Provided data
#####
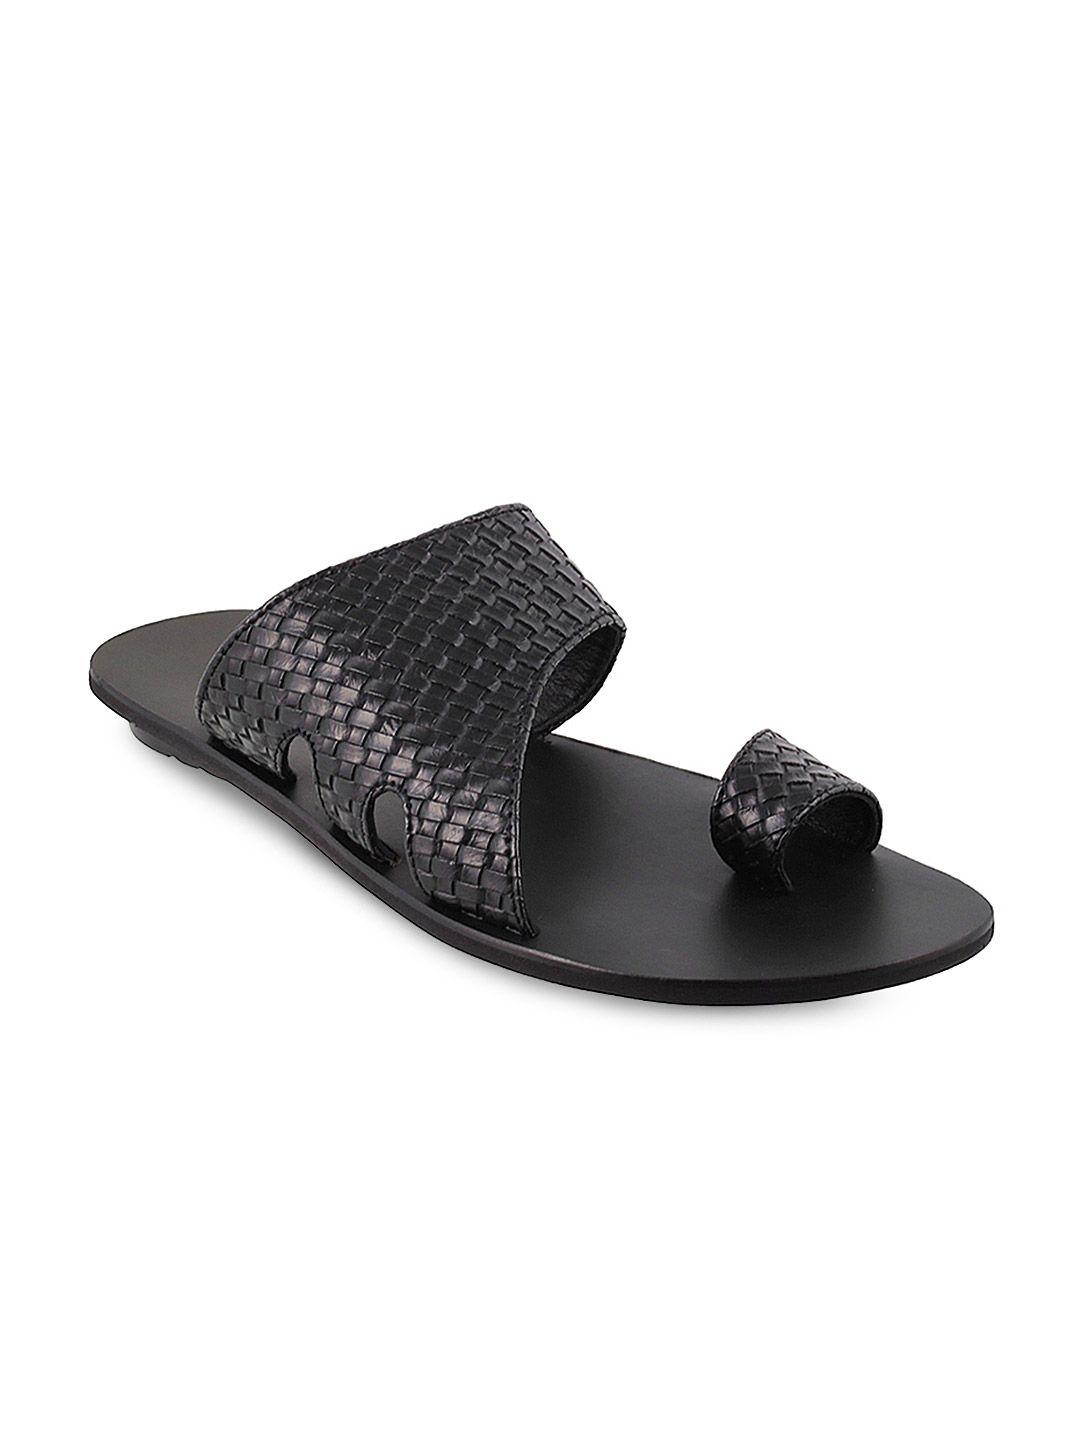 metro men black comfort sandals
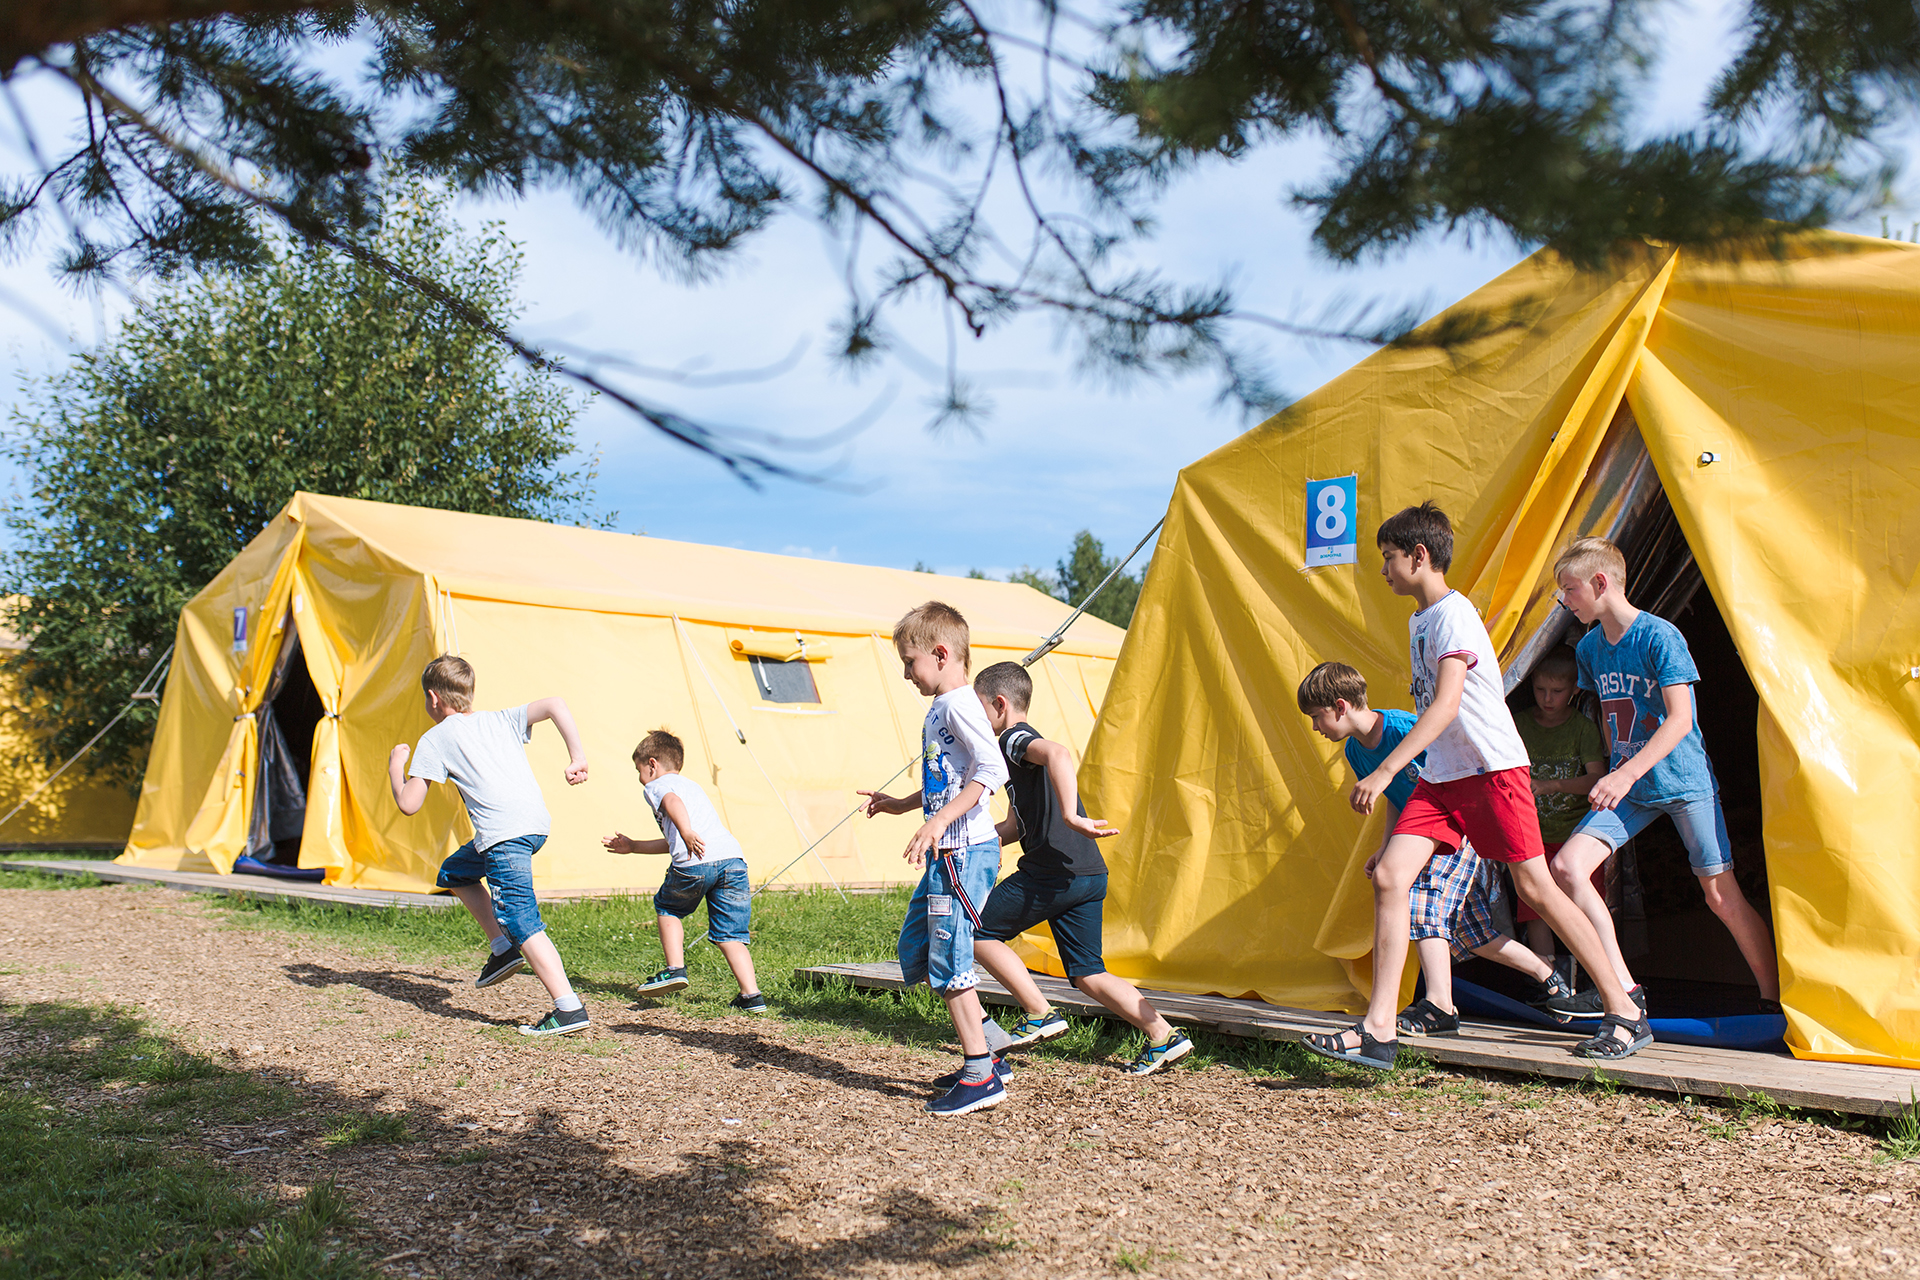 Camp russia. Палаточный лагерь. Палаточный лагерь для детей. Детский лагерь в палатках. Летний палаточный лагерь.
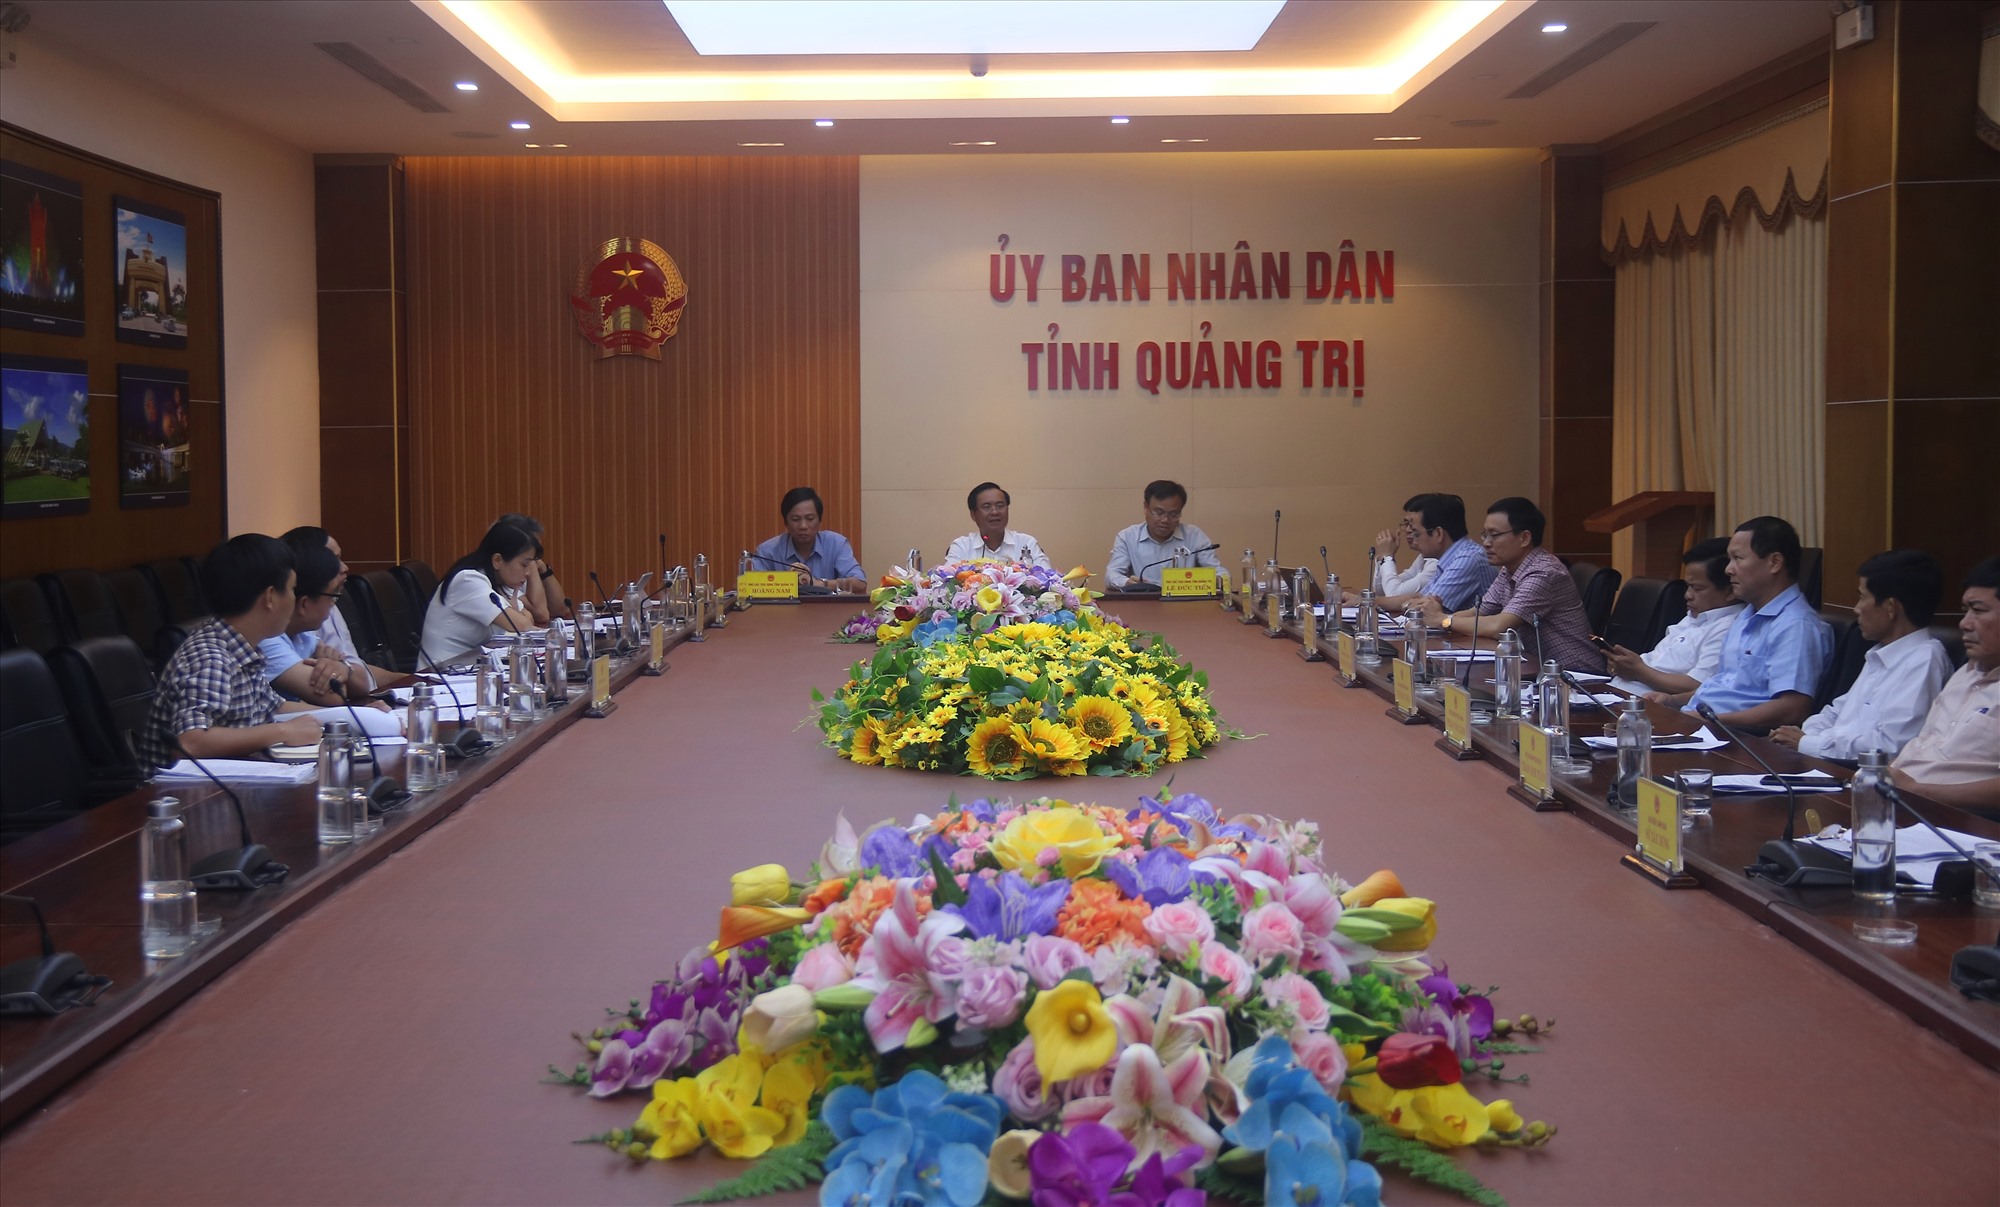 Chủ tịch UBND tỉnh Võ Văn Hưng cùng các phó chủ tịch UBND tỉnh: Hoàng Nam, Lê Đức Tiến chủ trì cuộc họp - Ảnh: N.B
#####
Directions for this task
From the line containing "Camp russia. Палаточный" down to the last line of the data above, transcribe exactly those lines and no others; omit the pictures.

Output for this exercise
 Camp russia. Палаточный лагерь. Палаточный лагерь для детей. Детский лагерь в палатках. Летний палаточный лагерь.
 Chủ tịch UBND tỉnh Võ Văn Hưng cùng các phó chủ tịch UBND tỉnh: Hoàng Nam, Lê Đức Tiến chủ trì cuộc họp - Ảnh: N.B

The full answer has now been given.